I started writing this post at 3:24 am due to a lack of sleep and a billion and five things running through my mind! Needless to say the following day was a killer 🙁
I find it very difficult to explain how I feel being pregnant for a second time. Both my pregnancies have been pretty much the same but so different – if that is even possible!
I’m not sure whether it is my mind set this time or the fact I kind of have an idea about what to expect but I feel more confident in myself. I hid my bump anyway I could in my first pregnancy, whether that be with a scarf or a baggy top, but this time I have enjoyed dressing my bump! Obviously I still have those days where I have absolutely nothing to wear and dream of a skinny non-pregnant body but I know how lucky I am to be pregnant for a second time.

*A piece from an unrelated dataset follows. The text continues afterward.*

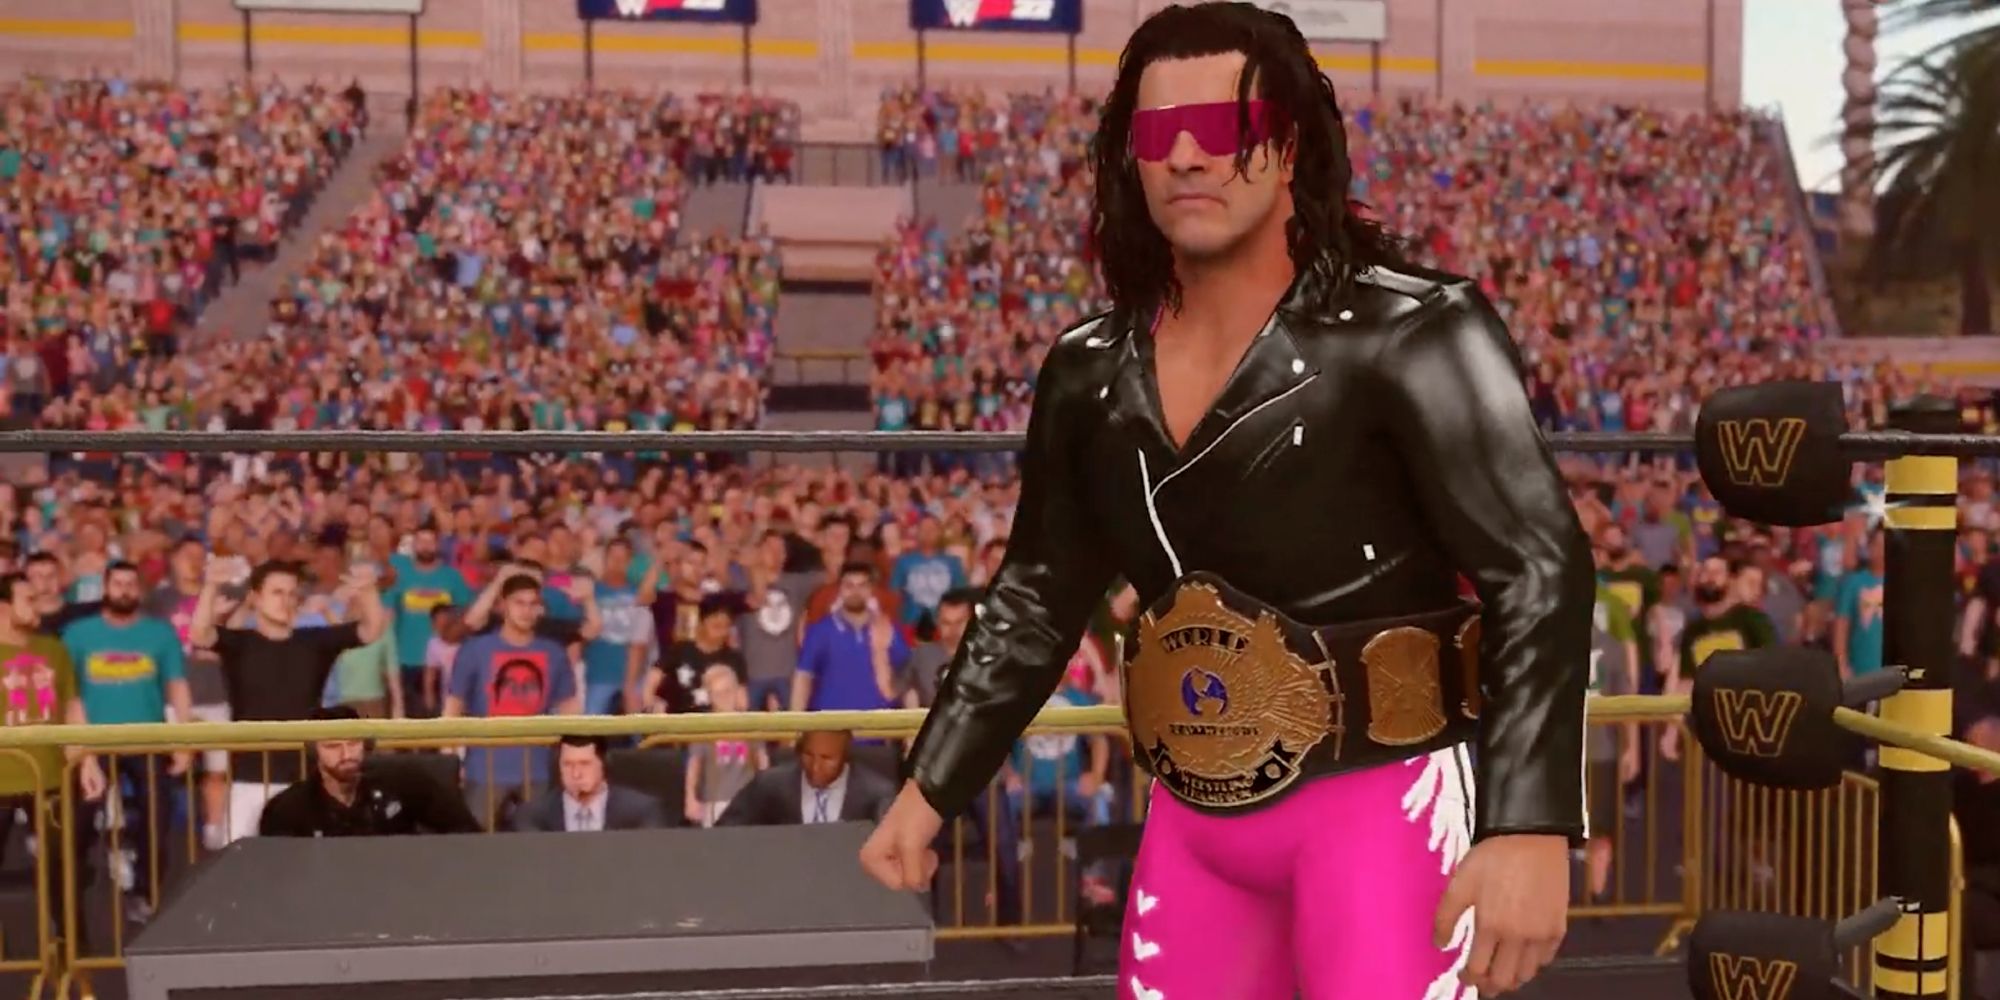 Iconic Fighting Stances in Video Games - Bret "The Hitman" Hart - Player makes a grand entrance
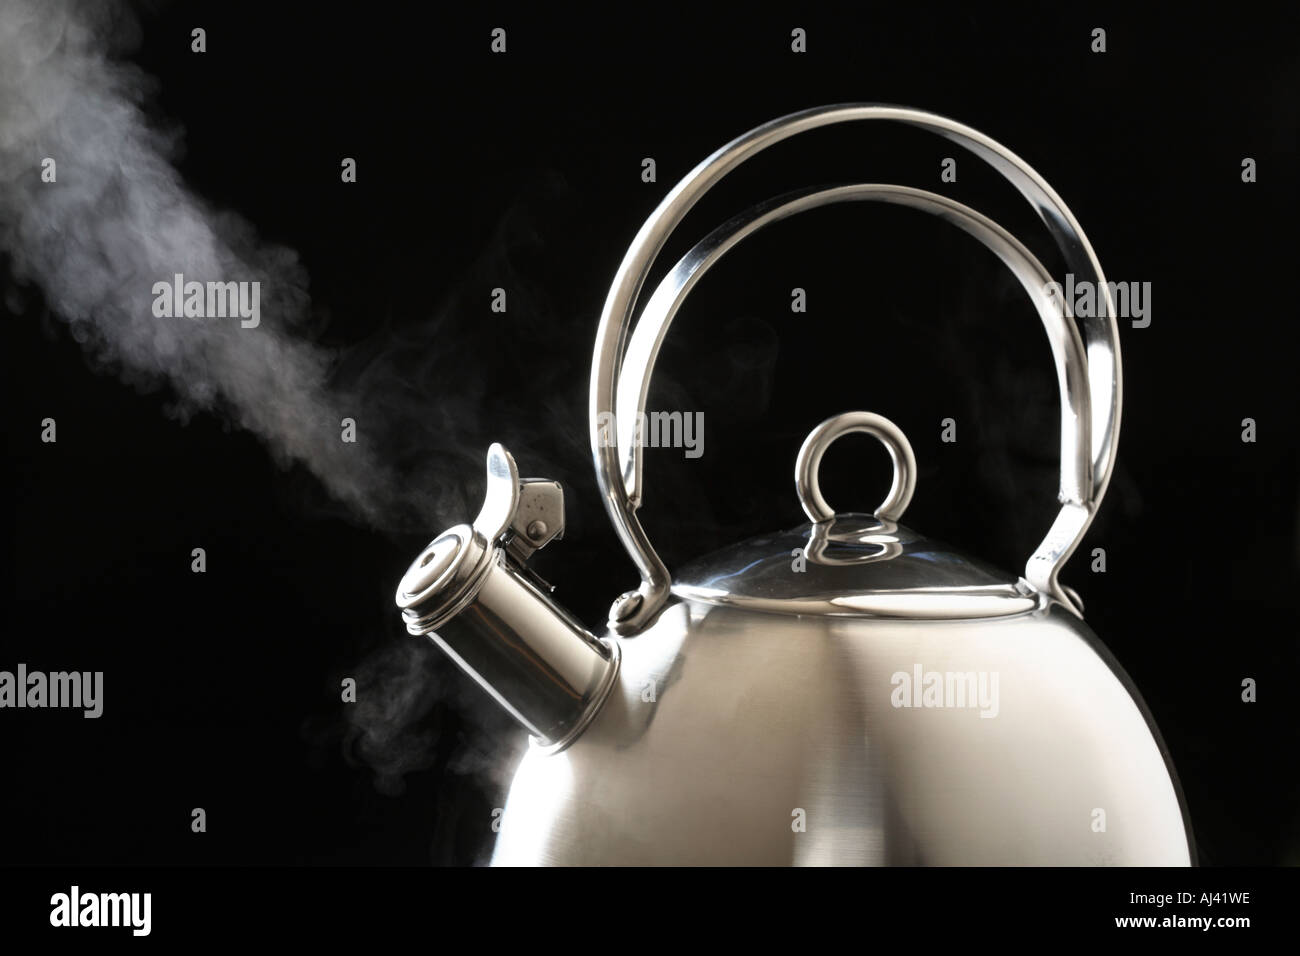 Kettle boiling with steam Stock Photo

This time around I haven’t minded people touching my bump as much. I remember totally clamming up if anyone so much as brushed past my bump but I can kind of tolerate it now. Again maybe because I am feeling more confident. Just for the record I do not allow any old person to touch my belly 😉
I have just generally felt stronger compared to last time especially when it comes to other people and their feelings. I have been selfish and I’m totally ok with that. I spent too much time worrying about how things would affect others that I didn’t really think about myself and my needs so this time it is all about me and of course Little!
However the back pain I am experiencing is 1000x worse second time around and I physically don’t feel as strong as I do mentally! I’m not sure whether it is in fact SPD or something else but all I know is it is so much harder to deal with with a toddler in tow!
All in all I quite enjoy being pregnant but it is so much harder with a toddler to also care for. So if this isn’t my last it definitely is until school age 😉
Do you have any advice to help me survive the final weeks?